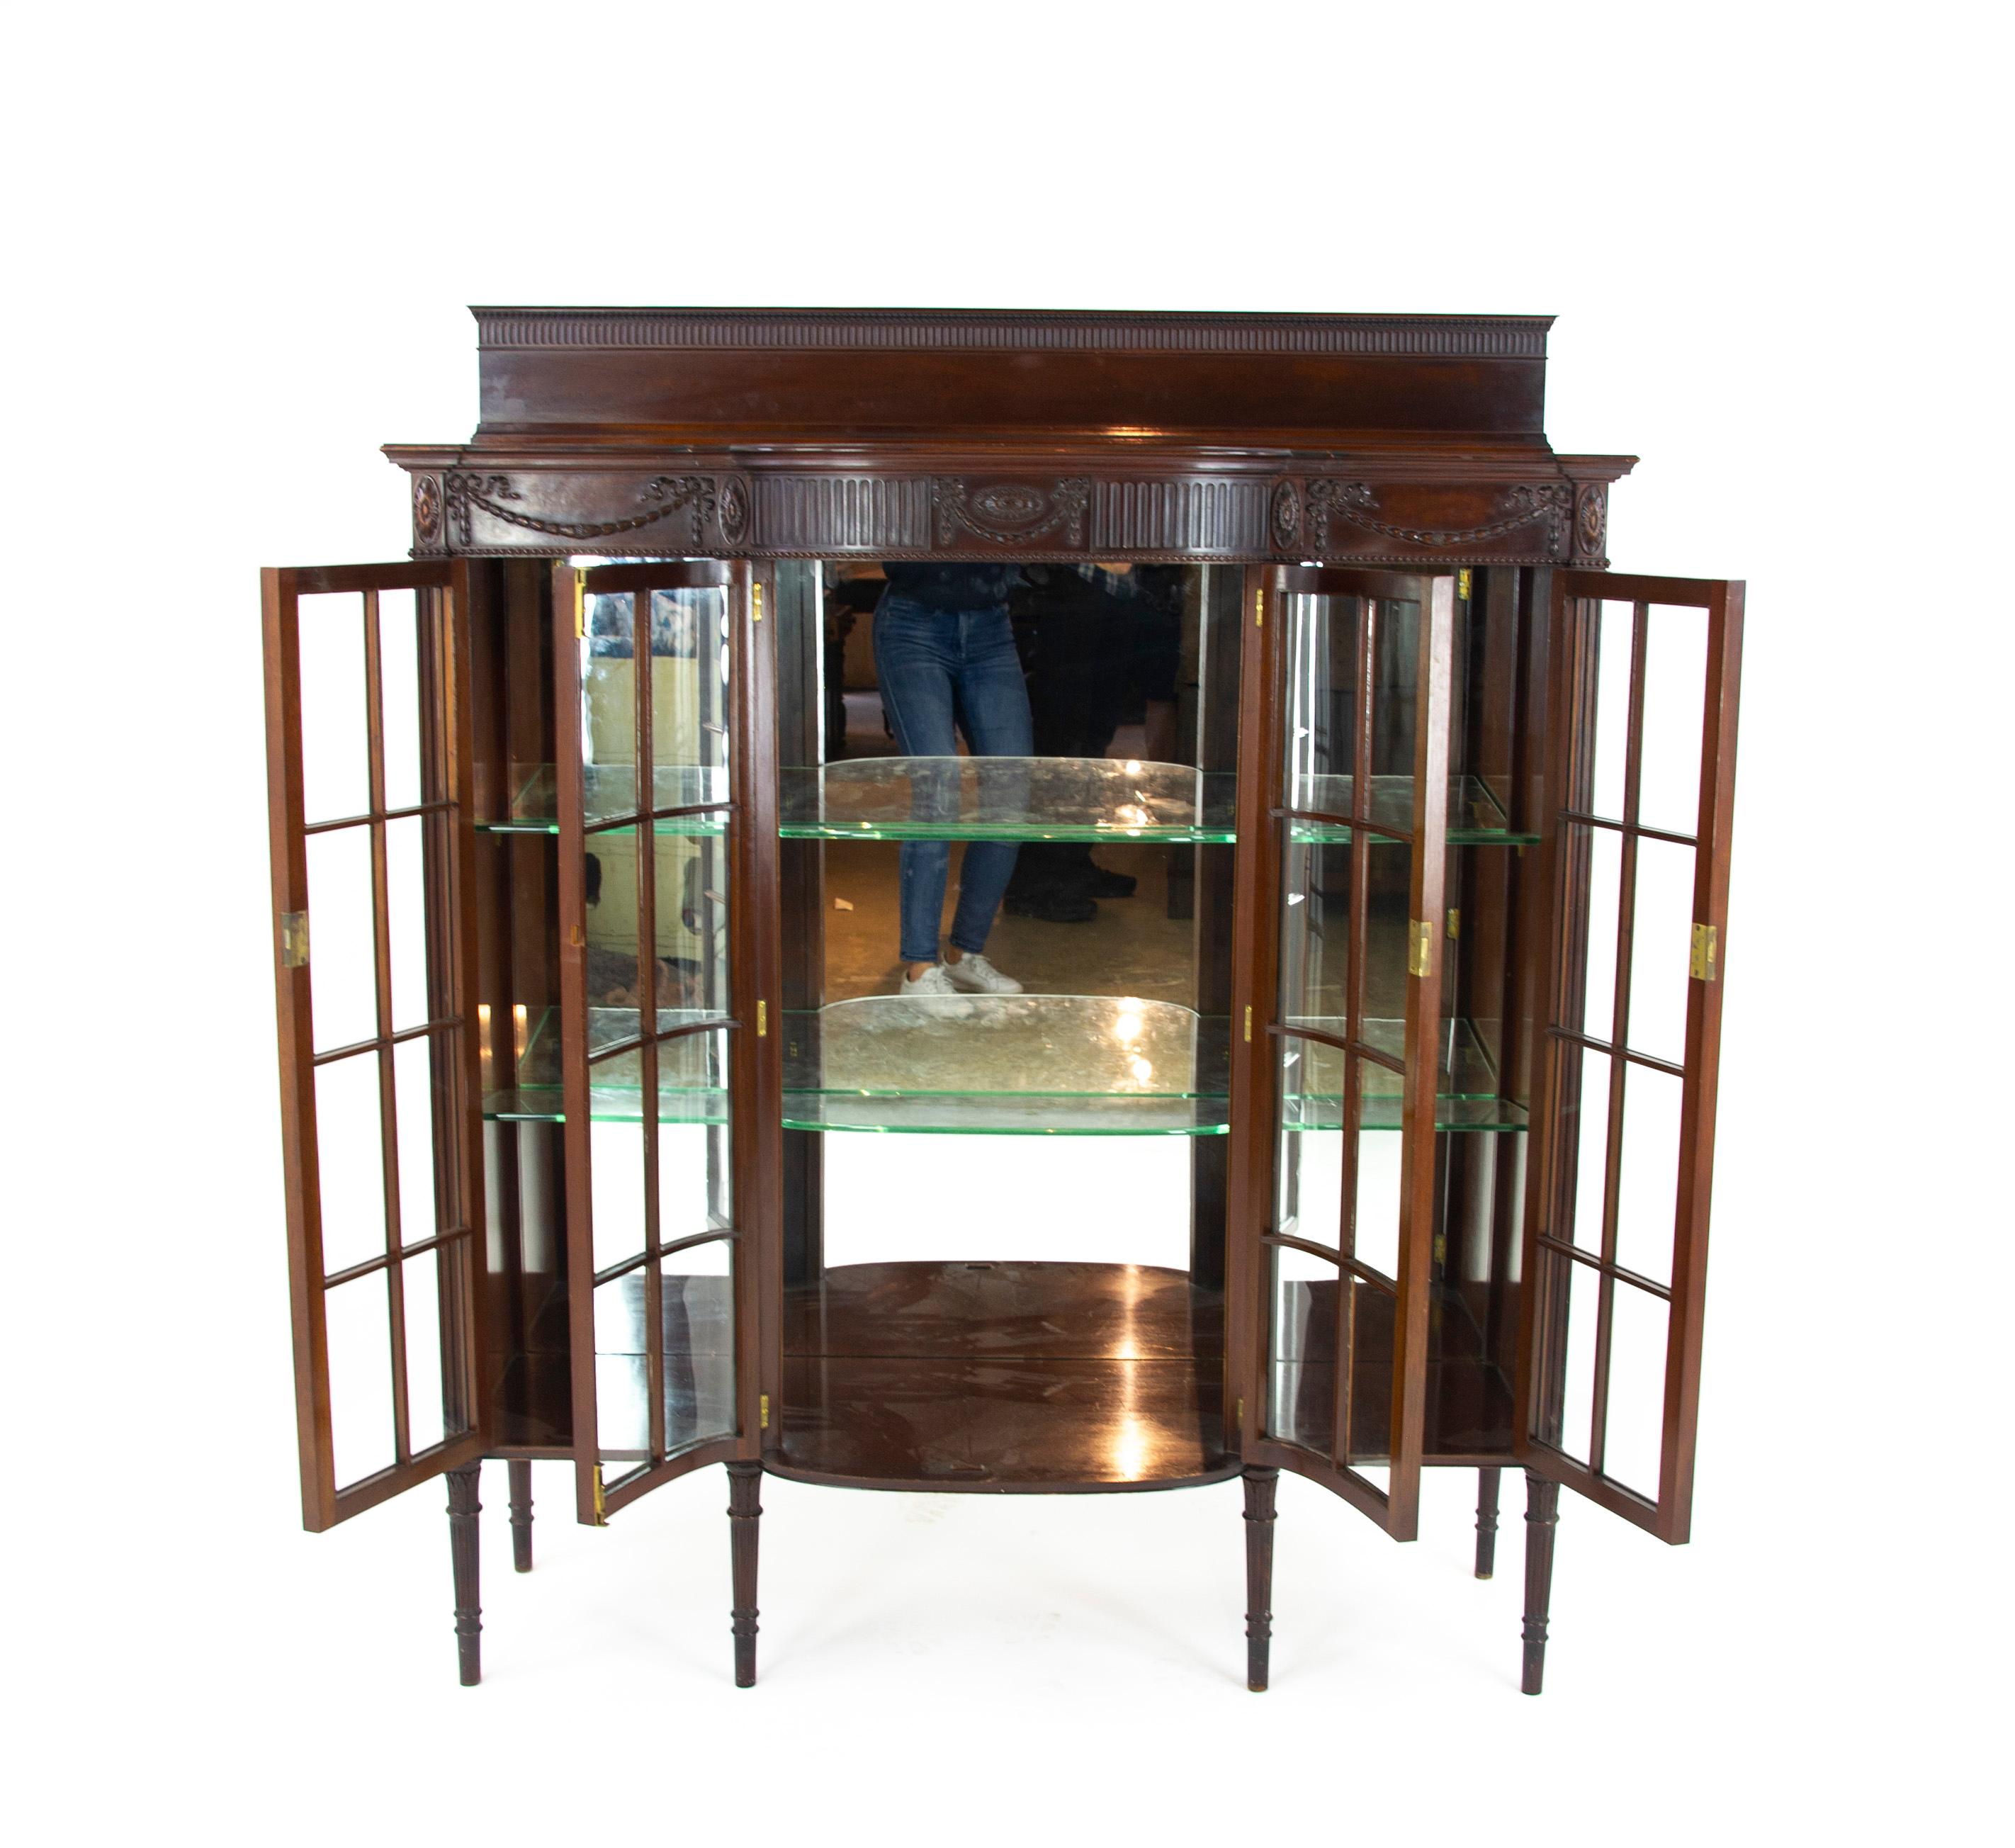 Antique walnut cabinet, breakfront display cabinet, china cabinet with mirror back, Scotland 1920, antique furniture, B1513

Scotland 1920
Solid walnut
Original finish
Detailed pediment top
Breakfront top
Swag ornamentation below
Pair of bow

◆ ◆ ◆ ◆

Assignment | Images do not belong in the copy; reproduce all other parts of the records above verbatim.

Response area |
 Antique walnut cabinet, breakfront display cabinet, china cabinet with mirror back, Scotland 1920, antique furniture, B1513

Scotland 1920
Solid walnut
Original finish
Detailed pediment top
Breakfront top
Swag ornamentation below
Pair of bow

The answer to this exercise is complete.